### Exercise goal
Copy the entries word for word. Keep the pictures out.

### Items from a dataset

---*---

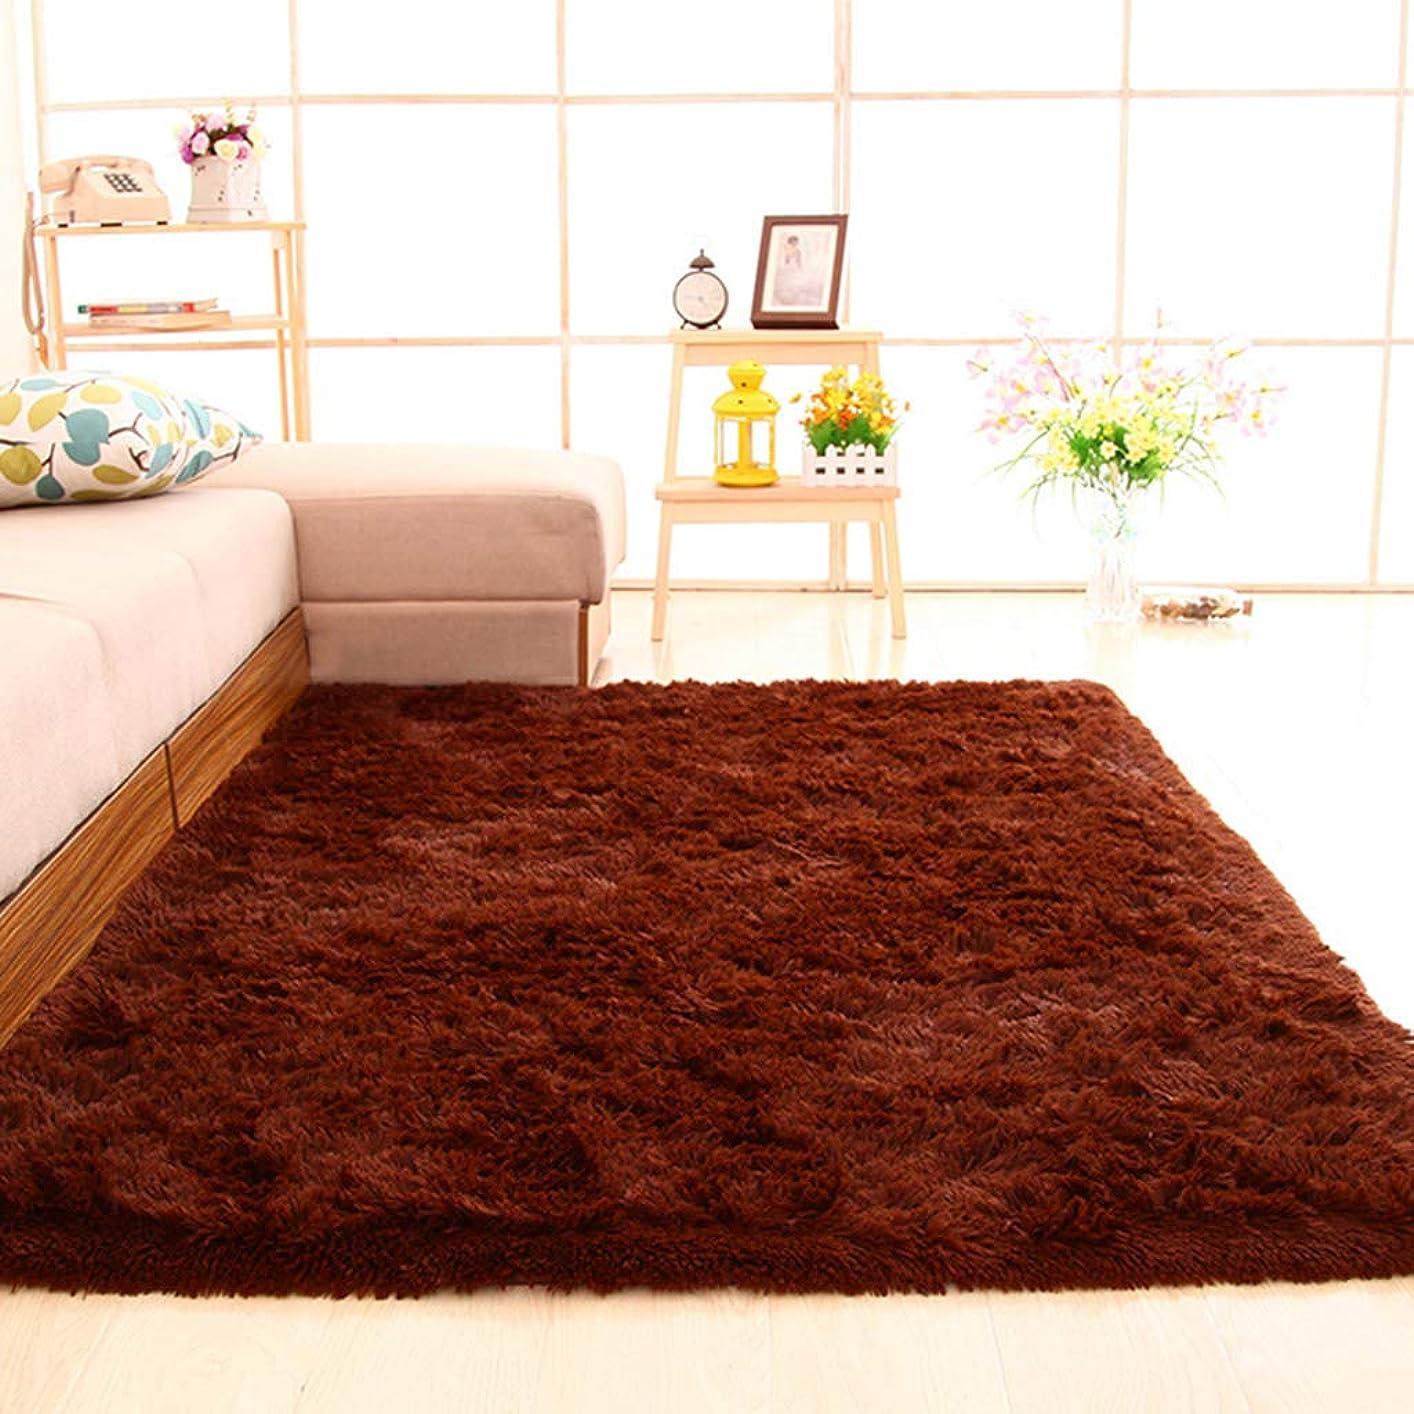 上昇まっすぐ電気のGXH- 家の装飾のために適した1.4mx2m長方形のカーペット柔らかくふわふわ、安全で環境に優しいベッドサイドの敷物、
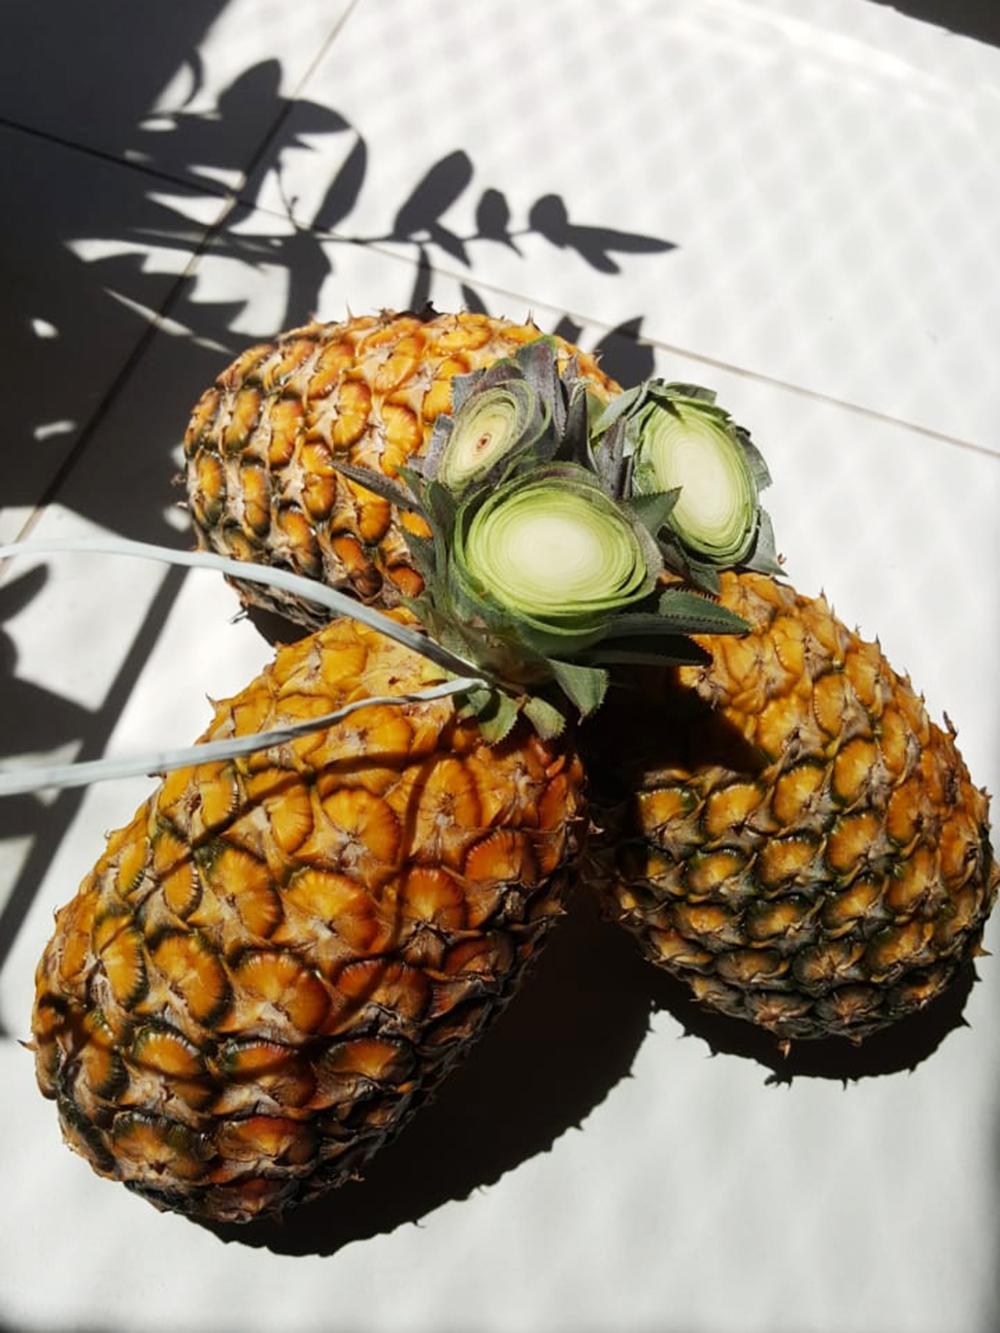 Таких вкусных ананасов я еще в жизни не ела! По вкусу будто консервированные с сиропом, но они натуральные
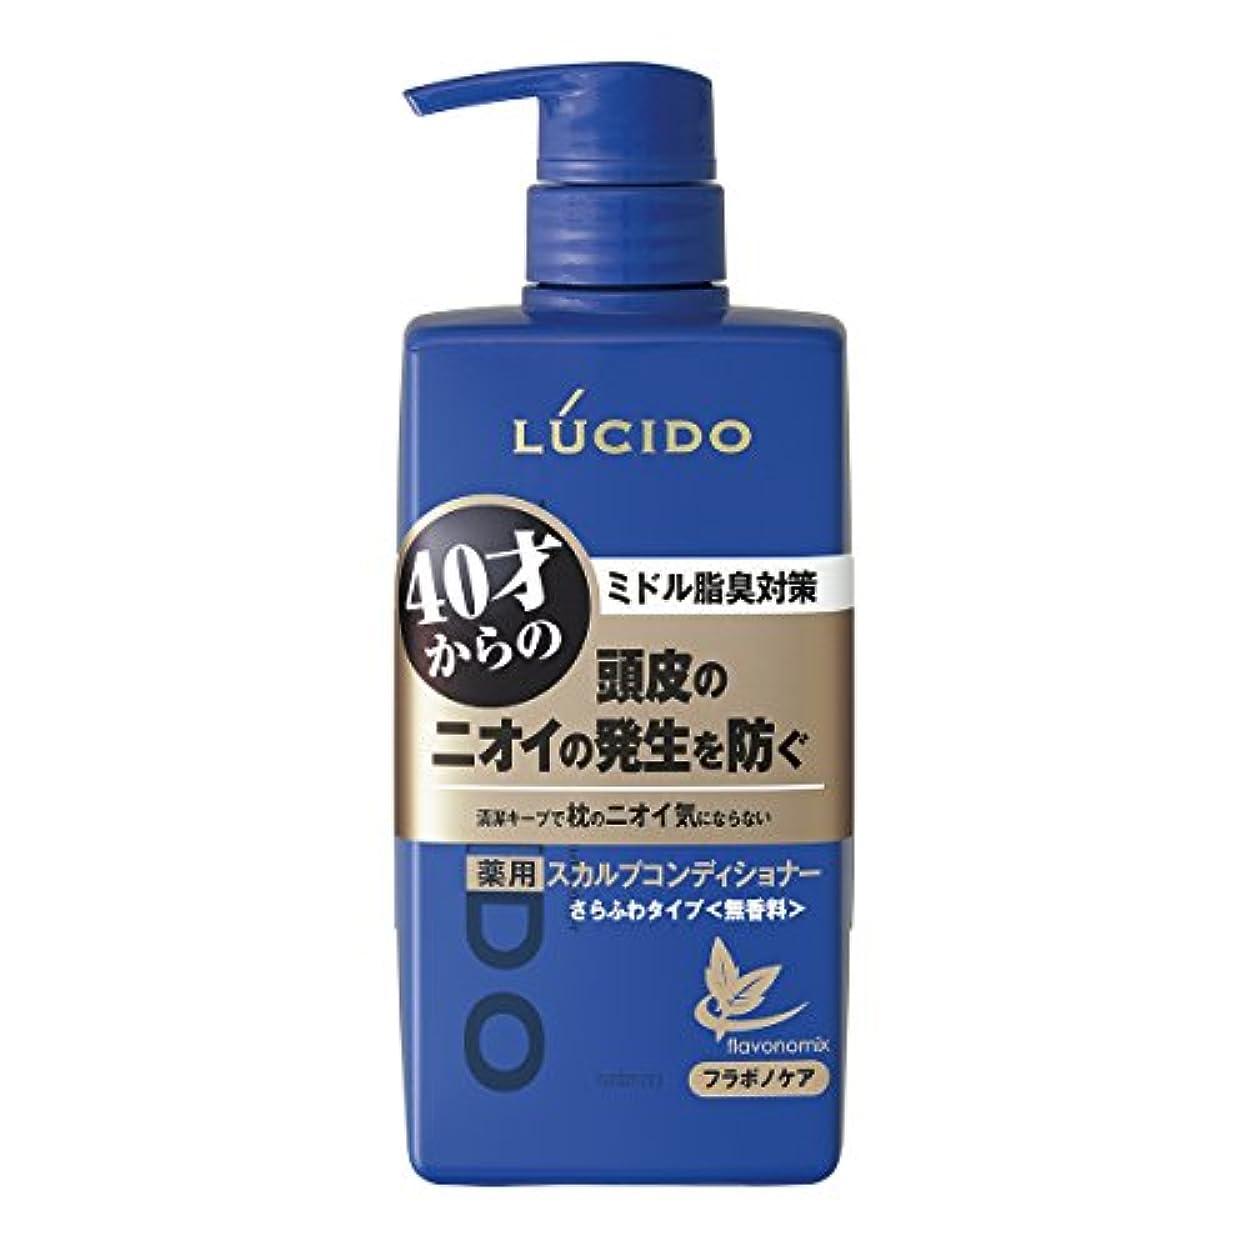 役割敬ごちそうルシード 薬用ヘア&スカルプコンディショナー 450g(医薬部外品)
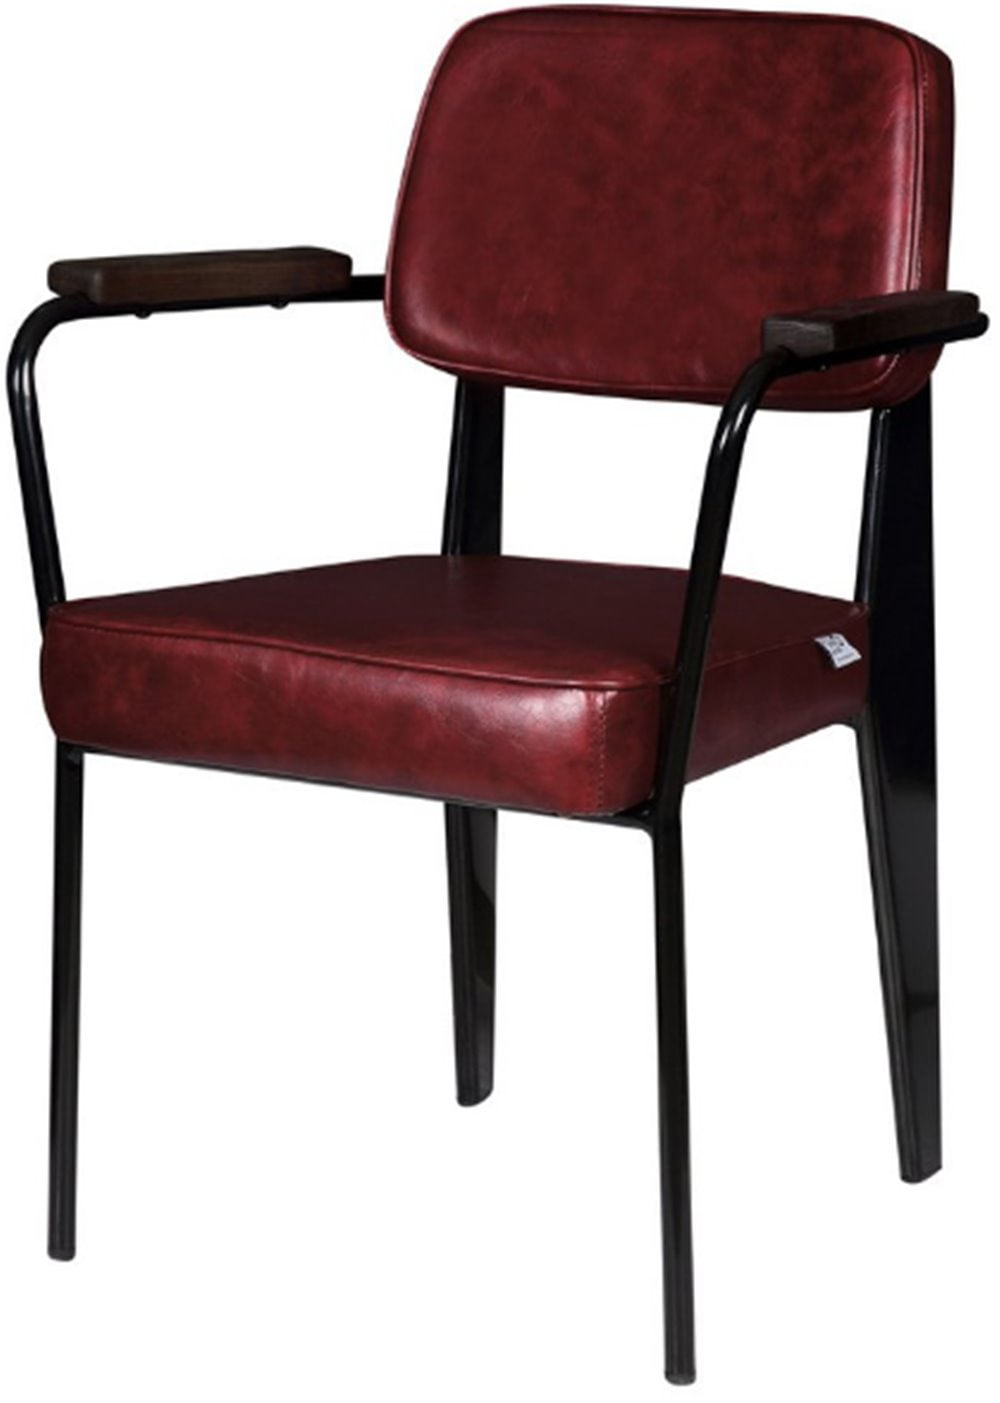 Cadeira Jean Provve Estofada c/ Braco Vermelha 81 cm (ALT) - 47261
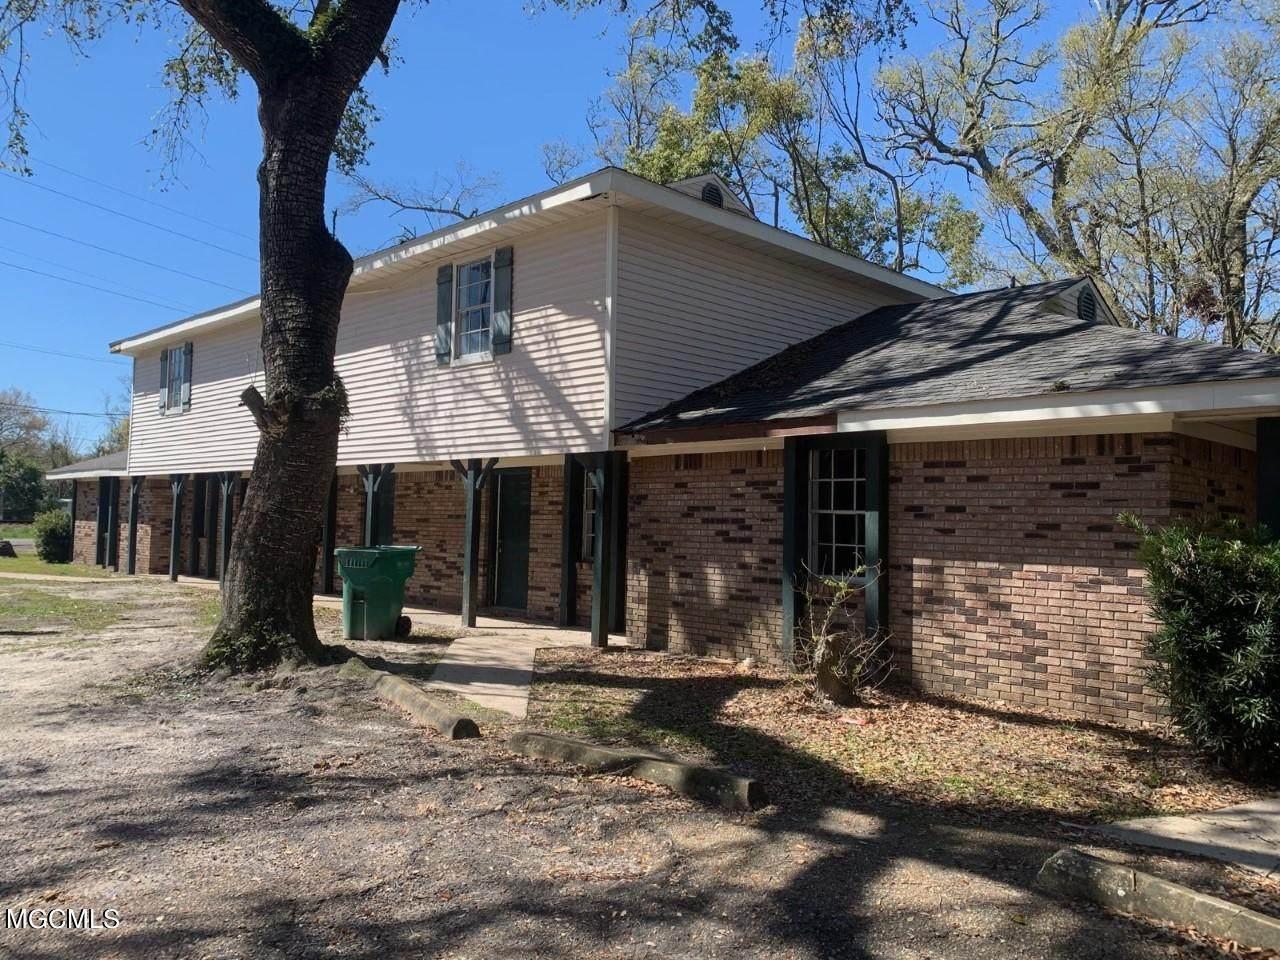 2201 Gulf Ave - Photo 1

---*---

### Solution for this exercise
 上昇まっすぐ電気のGXH- 家の装飾のために適した1.4mx2m長方形のカーペット柔らかくふわふわ、安全で環境に優しいベッドサイドの敷物、
 Таких вкусных ананасов я еще в жизни не ела! По вкусу будто консервированные с сиропом, но они натуральные
 役割敬ごちそうルシード 薬用ヘア&スカルプコンディショナー 450g(医薬部外品)
 Cadeira Jean Provve Estofada c/ Braco Vermelha 81 cm (ALT) - 47261
 2201 Gulf Ave - Photo 1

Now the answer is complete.